INPUT DATA ->
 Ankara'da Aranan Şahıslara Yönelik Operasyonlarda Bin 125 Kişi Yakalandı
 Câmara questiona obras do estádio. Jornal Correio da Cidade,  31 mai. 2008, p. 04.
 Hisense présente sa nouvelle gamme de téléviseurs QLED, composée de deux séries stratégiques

==

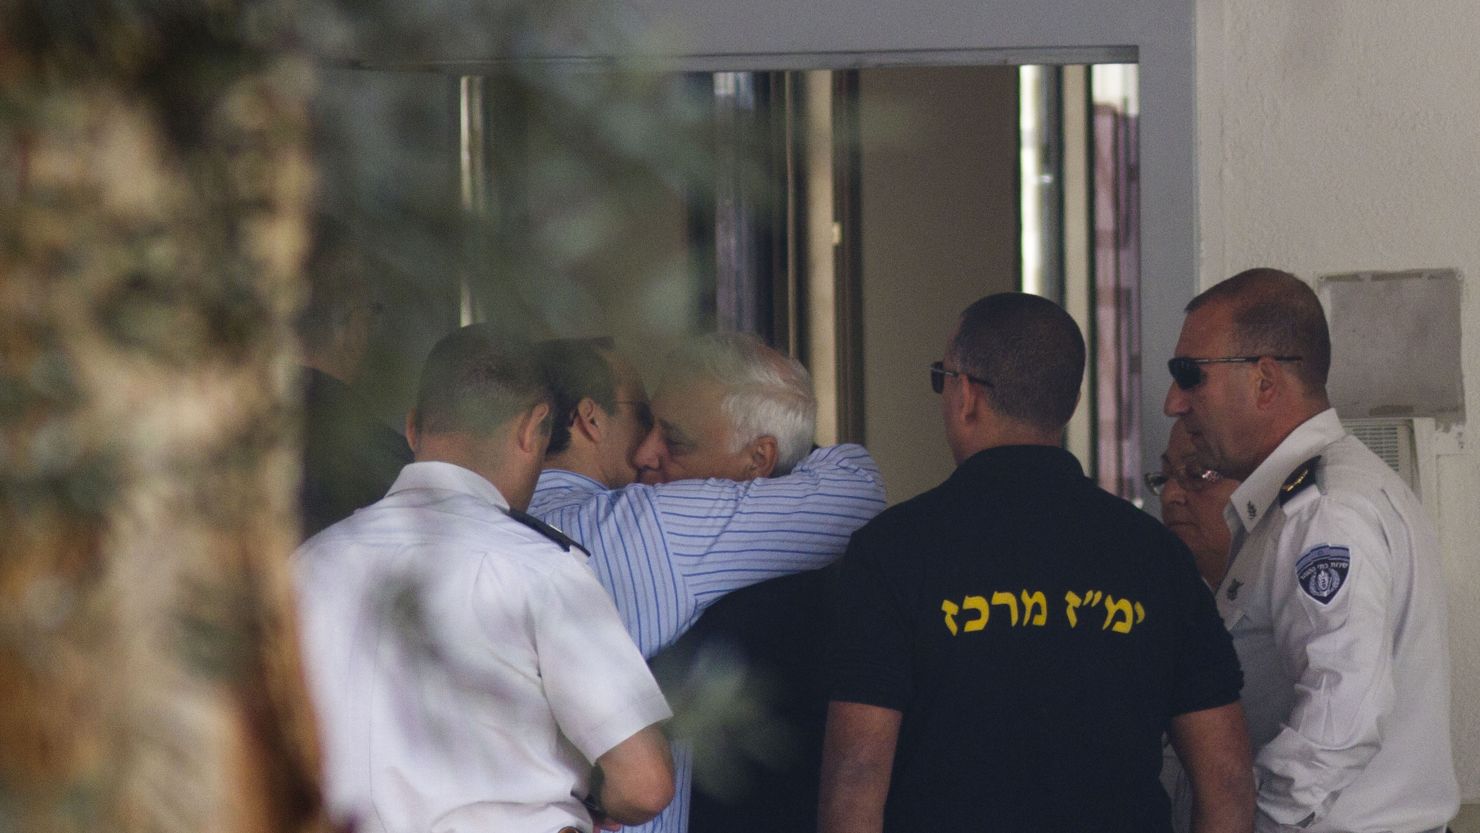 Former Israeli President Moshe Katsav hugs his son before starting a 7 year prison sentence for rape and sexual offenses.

* * *

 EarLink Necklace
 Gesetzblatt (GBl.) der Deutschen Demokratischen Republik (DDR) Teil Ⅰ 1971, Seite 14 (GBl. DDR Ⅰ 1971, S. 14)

WHAT TO WORK ON ->
Using the listing above, copy exactly the line that contains "Ankara'da Aranan Şahıslara", the line that contains "Hisense présente sa", and each line that falls between them.

ANSWER TO THE PROBLEM ->
 Ankara'da Aranan Şahıslara Yönelik Operasyonlarda Bin 125 Kişi Yakalandı
 Câmara questiona obras do estádio. Jornal Correio da Cidade,  31 mai. 2008, p. 04.
 Hisense présente sa nouvelle gamme de téléviseurs QLED, composée de deux séries stratégiques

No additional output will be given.